In particular embodiments, memory 804 includes main memory for storing instructions for processor 802 to execute or data for processor 802 to operate on. As an example and not by way of limitation, computer system 800 may load instructions from storage 806 or another source (such as, for example, another computer system 800) to memory 804. Processor 802 may then load the instructions from memory 804 to an internal register or internal cache. To execute the instructions, processor 802 may retrieve the instructions from the internal register or internal cache and decode them. During or after execution of the instructions, processor 802 may write one or more results (which may be intermediate or final results) to the internal register or internal cache. Processor 802 may then write one or more of those results to memory 804. In particular embodiments, processor 802 executes only instructions in one or more internal registers or internal caches or in memory 804 (as opposed to storage 806 or elsewhere) and operates only on data in one or more internal registers or internal caches or in memory 804 (as opposed to storage 806 or elsewhere). One or more memory buses (which may each include an address bus and a data bus) may couple processor 802 to memory 804. Bus 812 may include one or more memory buses, as described below. In particular embodiments, one or more memory management units (MMUs) reside between processor 802 and memory 804 and facilitate accesses to memory 804 requested by processor 802. In particular embodiments, memory 804 includes random access memory (RAM). This RAM may be volatile memory, where appropriate. Where appropriate, this RAM may be dynamic RAM (DRAM) or static RAM (SRAM). Moreover, where appropriate, this RAM may be single-ported or multi-ported RAM. This disclosure contemplates any suitable RAM. Memory 804 may include one or more memories 804, where appropriate. Although this disclosure describes and illustrates particular memory, this disclosure contemplates any suitable memory.

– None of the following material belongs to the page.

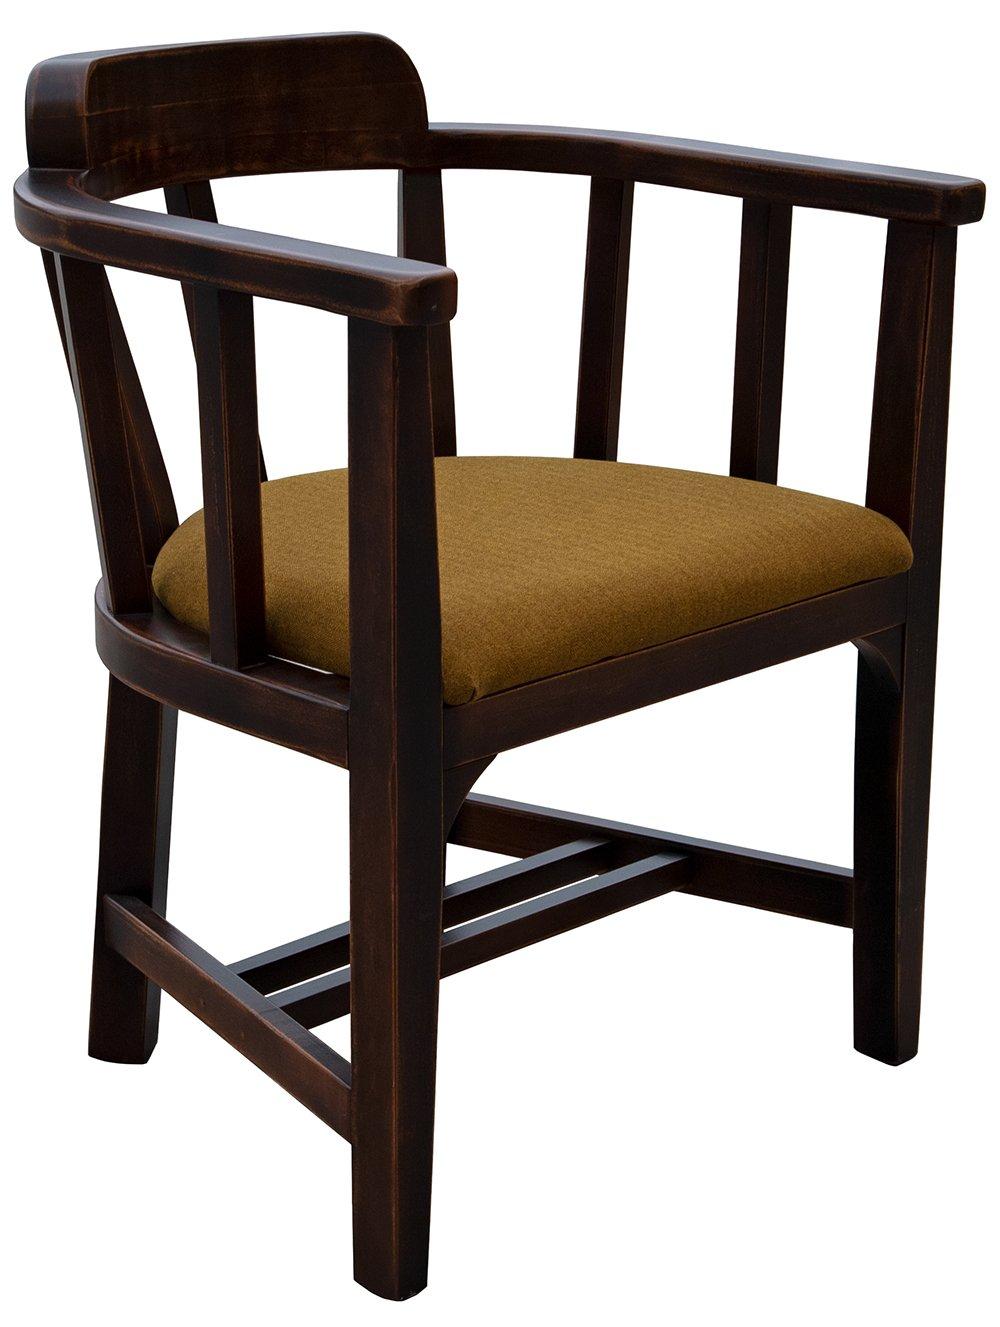 Steam Armchair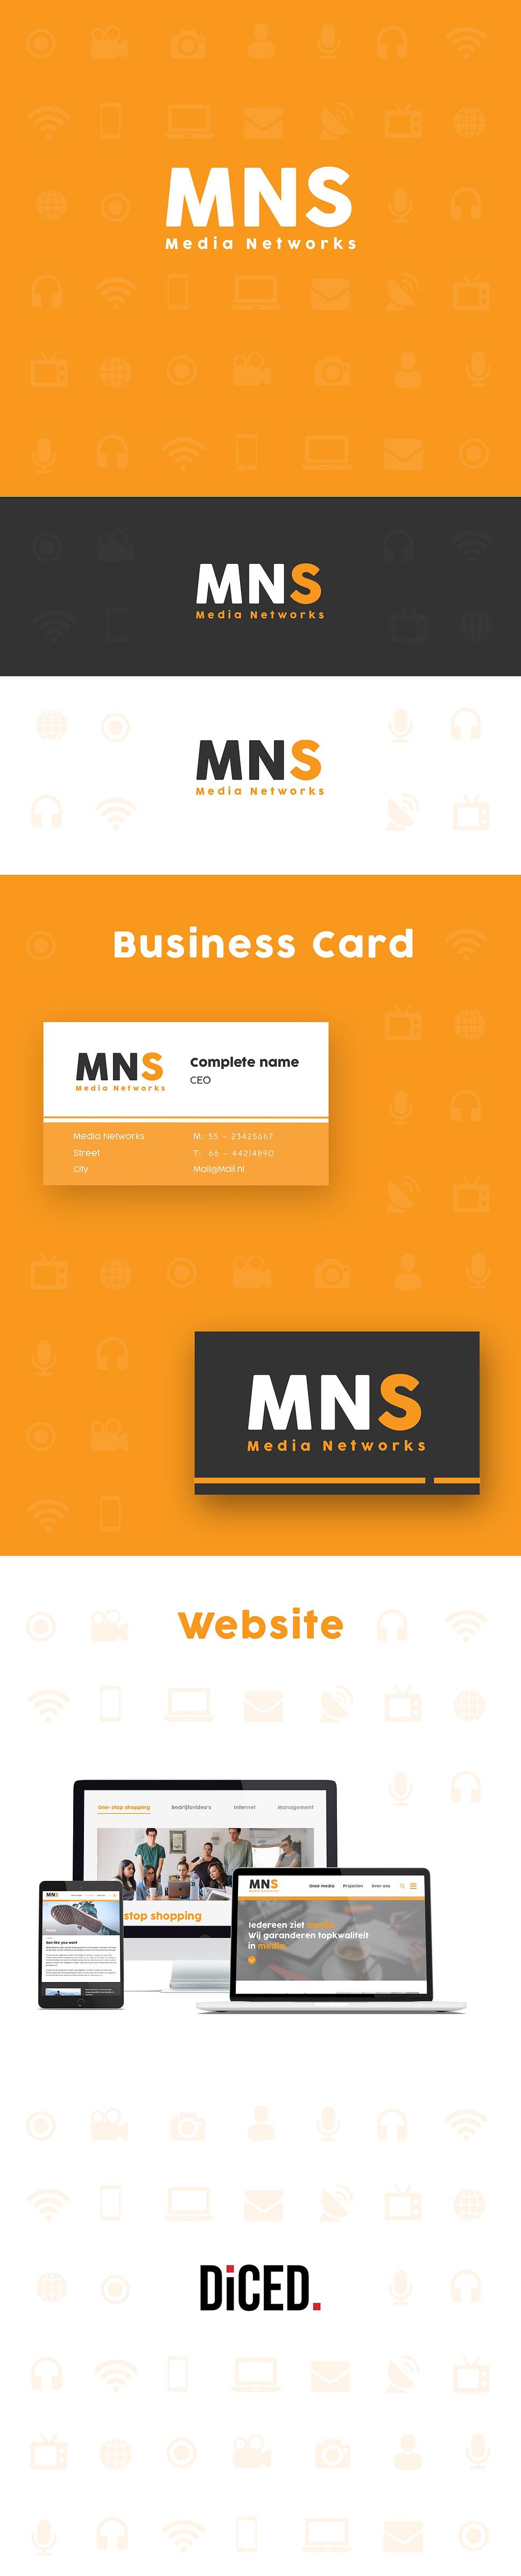 MNS-behance.jpg

In particular embodiments, storage 806 includes mass storage for data or instructions. As an example and not by way of limitation, storage 806 may include a hard disk drive (HDD), a floppy disk drive, flash memory, an optical disc, a magneto-optical disc, magnetic tape, or a Universal Serial Bus (USB) drive or a combination of two or more of these. Storage 806 may include removable or non-removable (or fixed) media, where appropriate. Storage 806 may be internal or external to computer system 800, where appropriate. In particular embodiments, storage 806 is non-volatile, solid-state memory. In particular embodiments, storage 806 includes read-only memory (ROM). Where appropriate, this ROM may be mask-programmed ROM, programmable ROM (PROM), erasable PROM (EPROM), electrically erasable PROM (EEPROM), electrically alterable ROM (EAROM), or flash memory or a combination of two or more of these. This disclosure contemplates mass storage 806 taking any suitable physical form. Storage 806 may include one or more storage control units facilitating communication between processor 802 and storage 806, where appropriate. Where appropriate, storage 806 may include one or more storages 806. Although this disclosure describes and illustrates particular storage, this disclosure contemplates any suitable storage.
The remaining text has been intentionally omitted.